Instruction for the entries below: return the part that opens with the line containing "Jupe fendue mi-longue" and closes with the line containing "Lucky Neko Gigablox โดย Yggdrasil", exactly, and no pictures.

● **Dataset content**
⟨
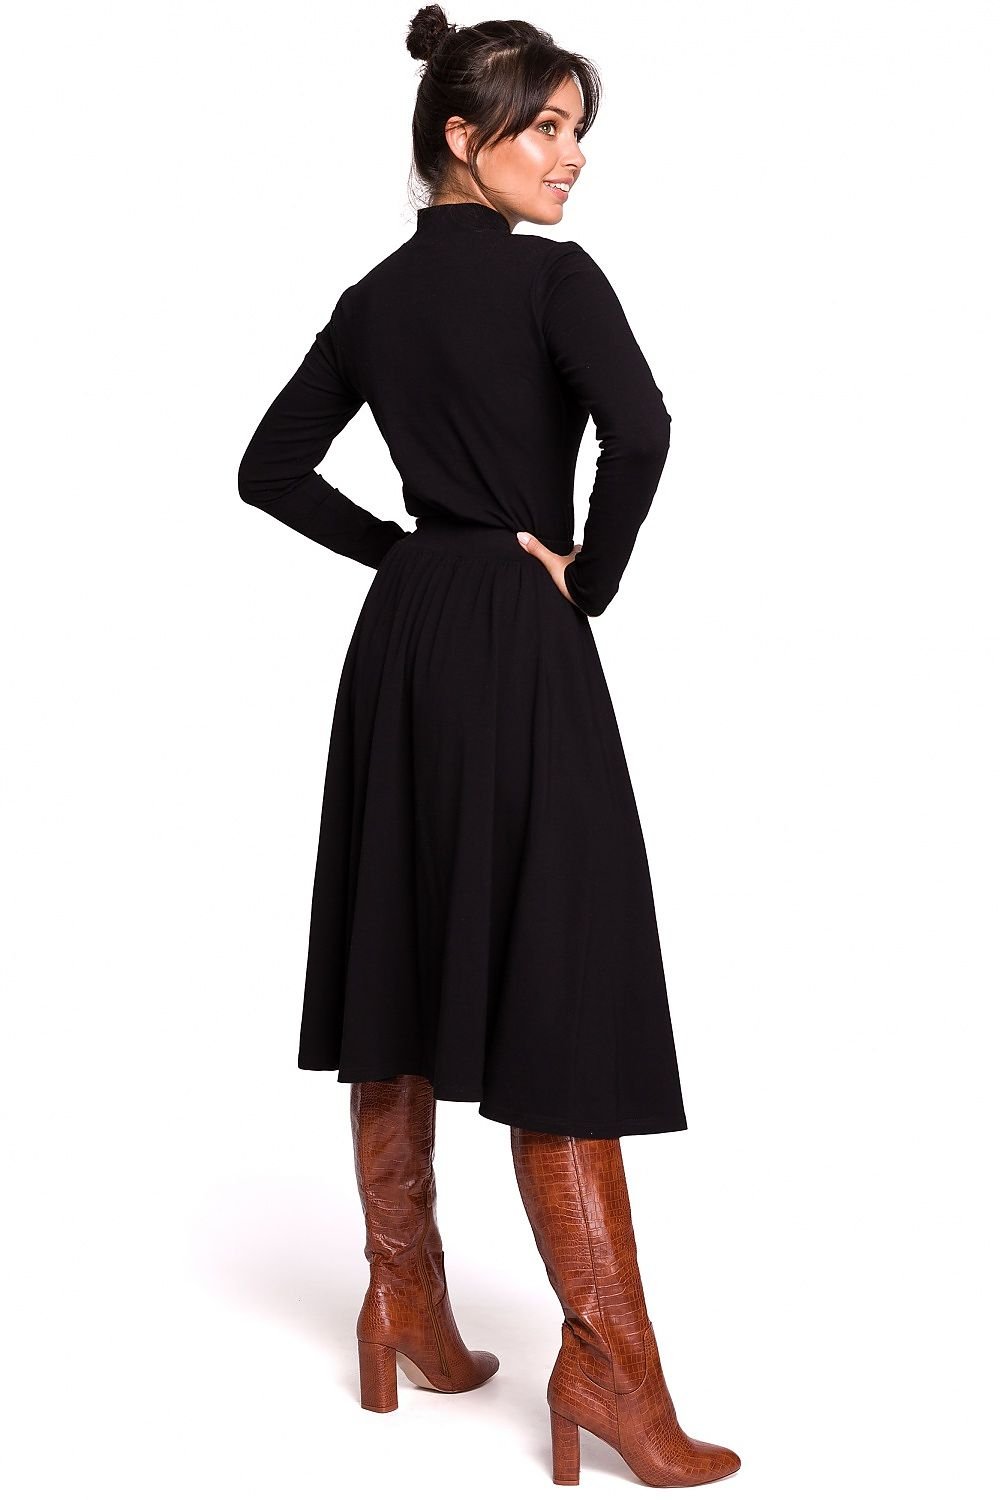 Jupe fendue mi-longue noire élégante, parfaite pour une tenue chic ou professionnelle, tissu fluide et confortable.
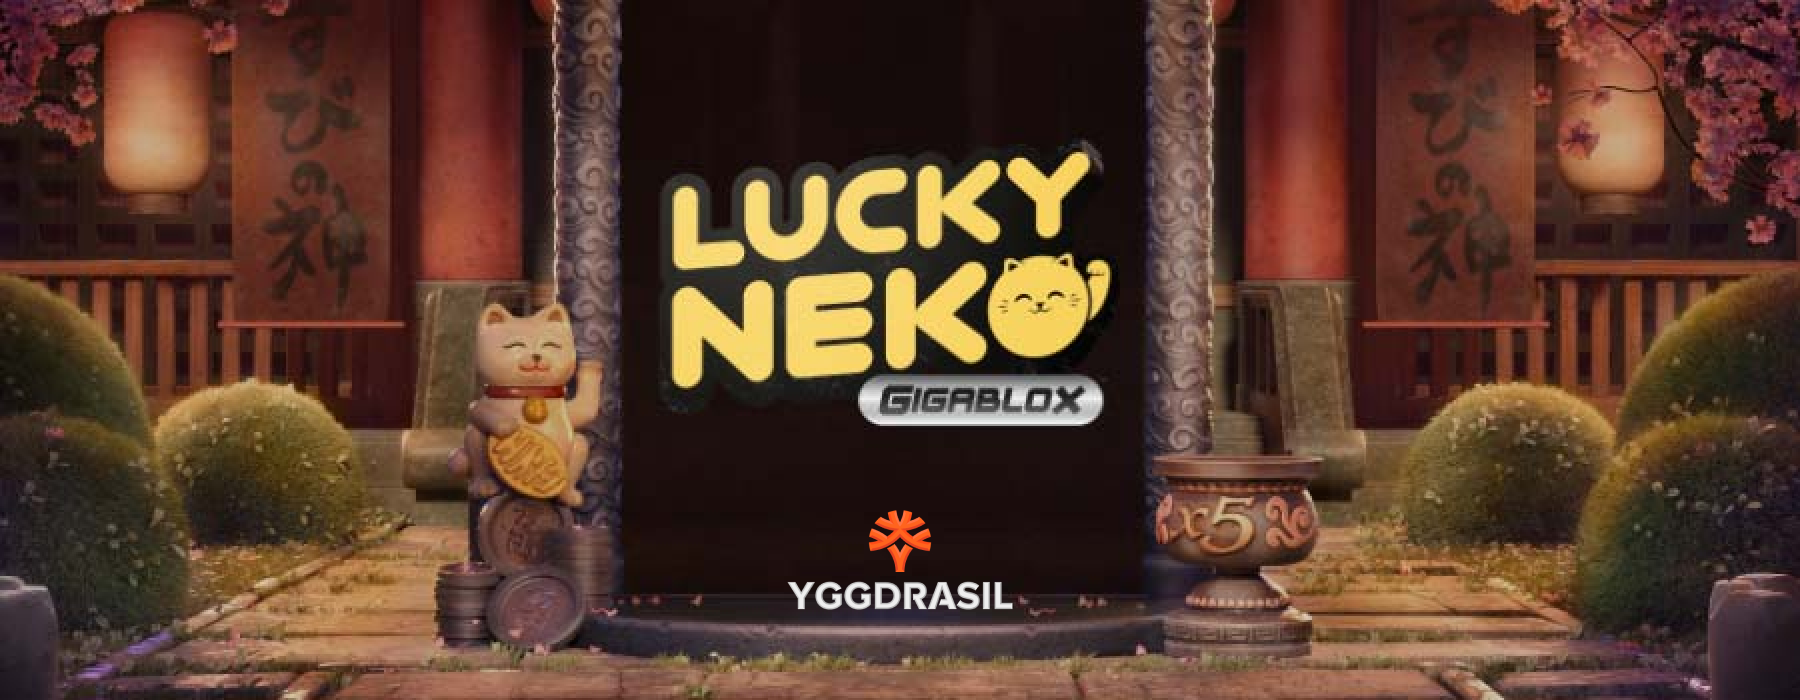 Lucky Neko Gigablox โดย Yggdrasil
⟩
⟨
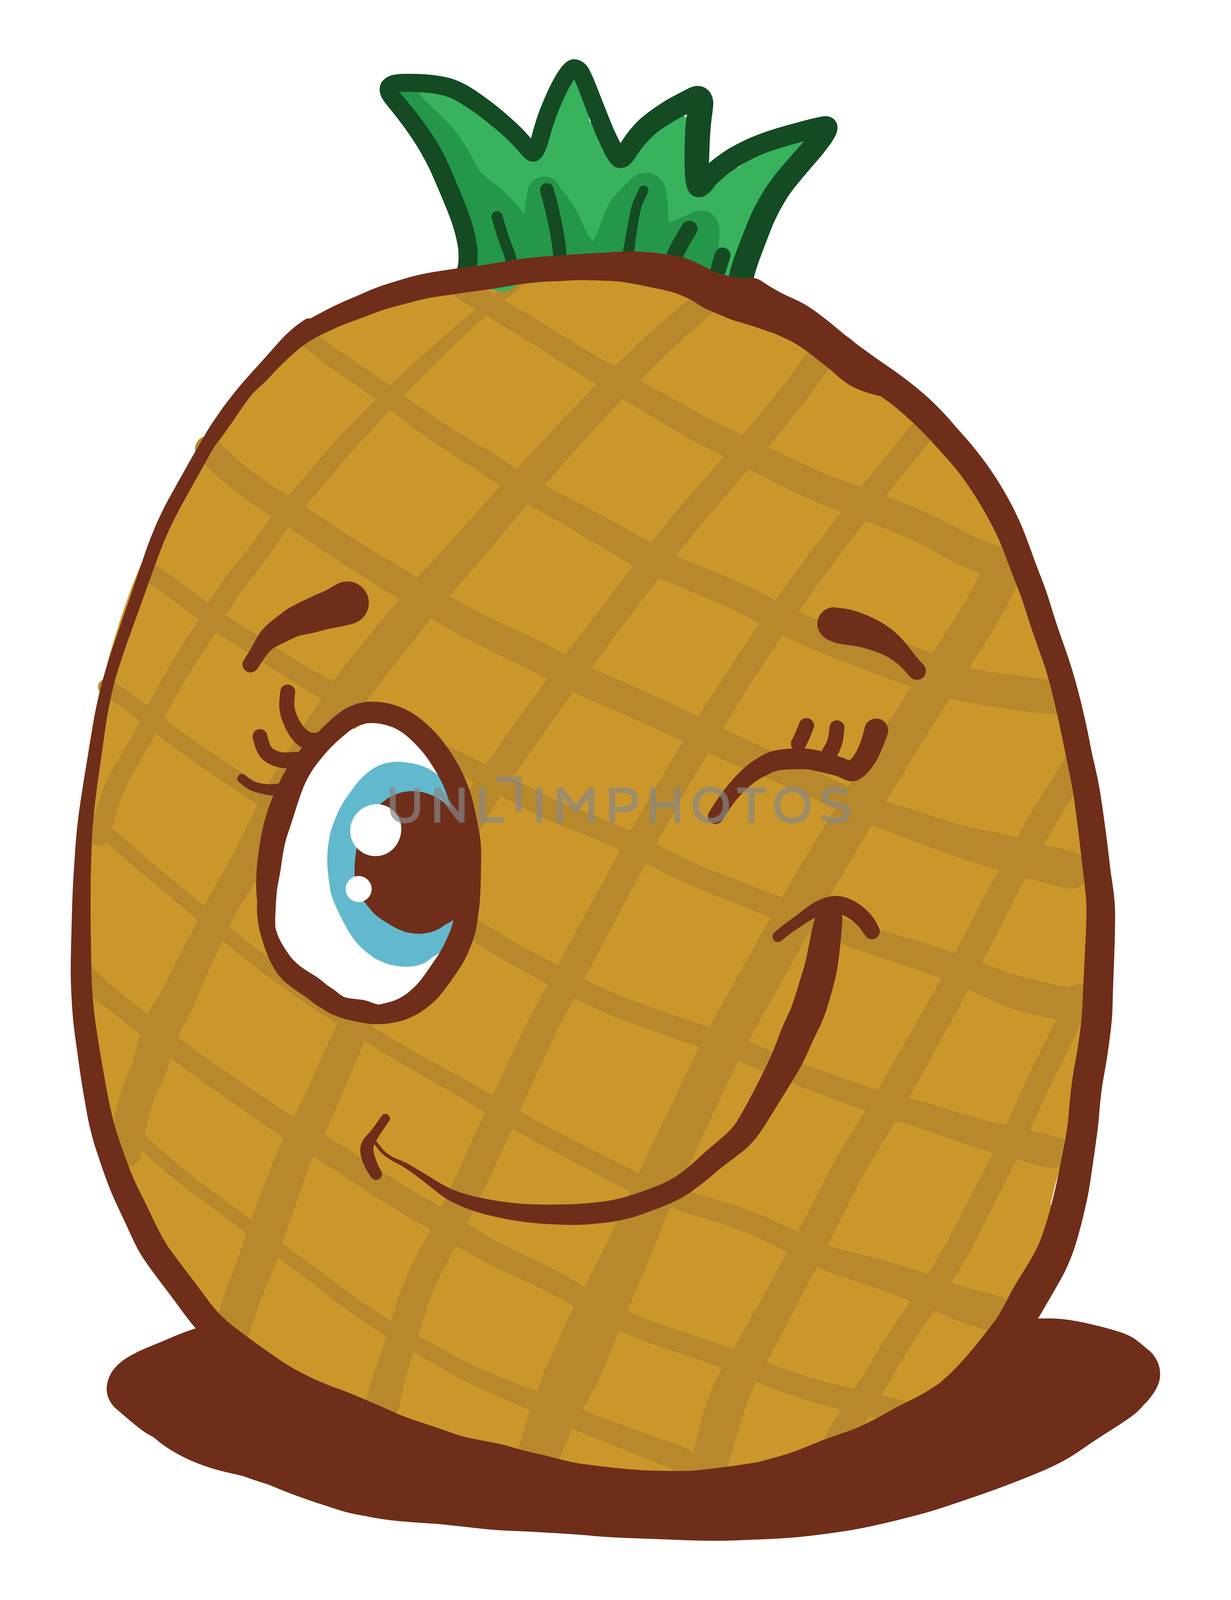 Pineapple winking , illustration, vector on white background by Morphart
⟩
⟨
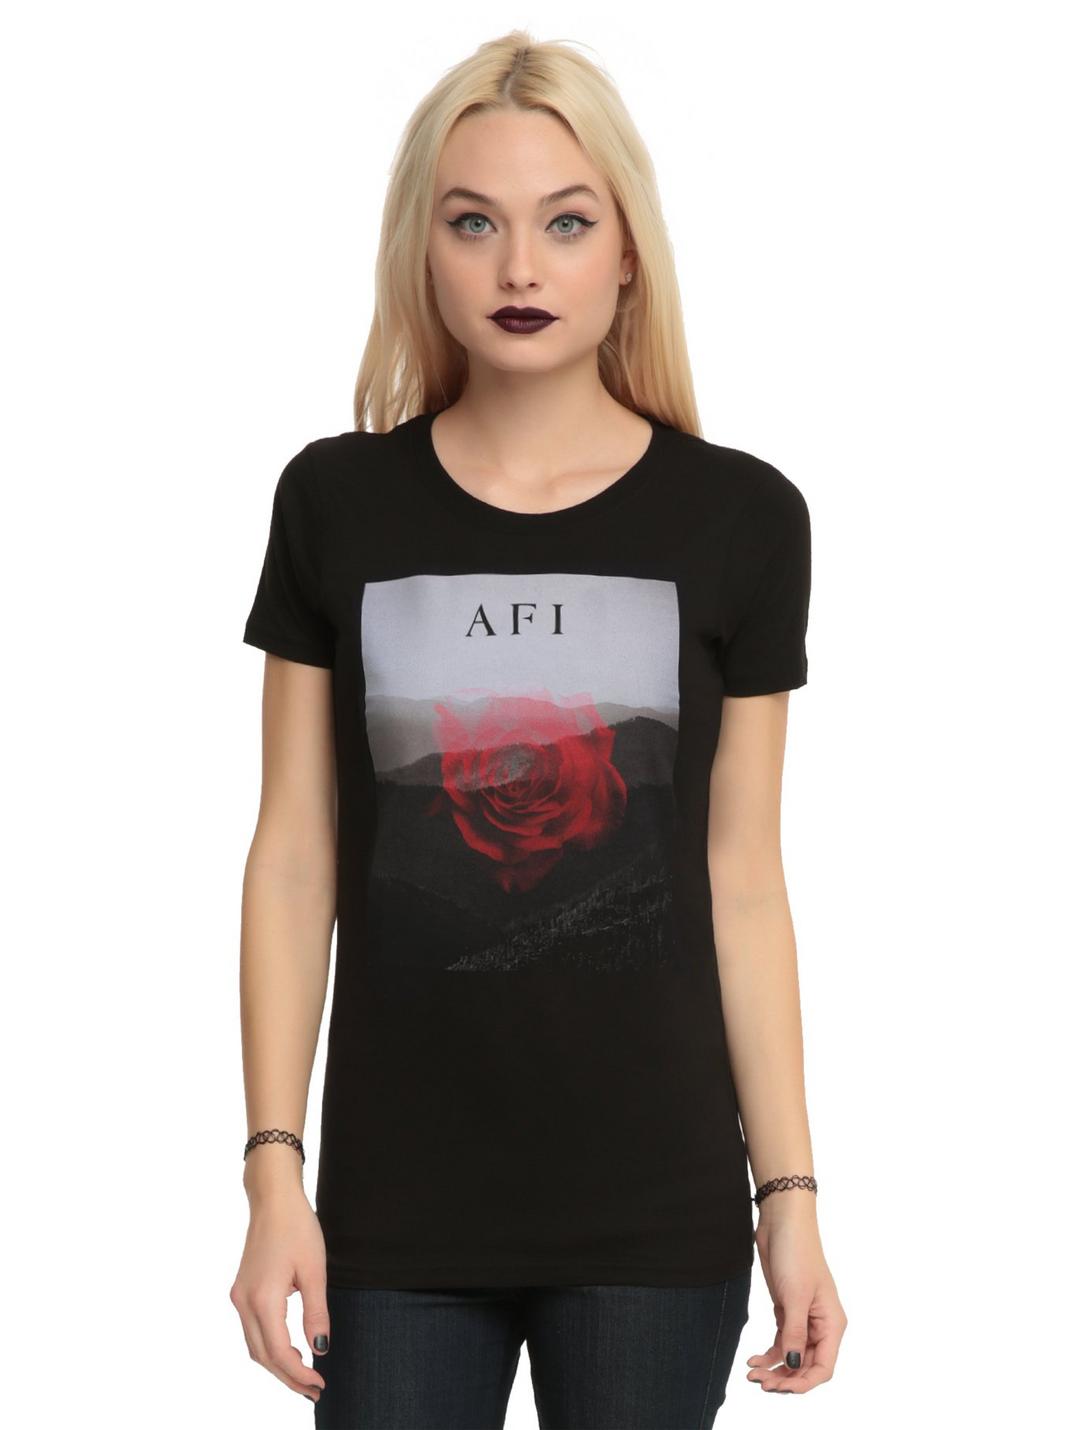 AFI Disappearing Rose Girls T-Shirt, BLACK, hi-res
⟩
● **Completed task**
 Jupe fendue mi-longue noire élégante, parfaite pour une tenue chic ou professionnelle, tissu fluide et confortable.
 Lucky Neko Gigablox โดย Yggdrasil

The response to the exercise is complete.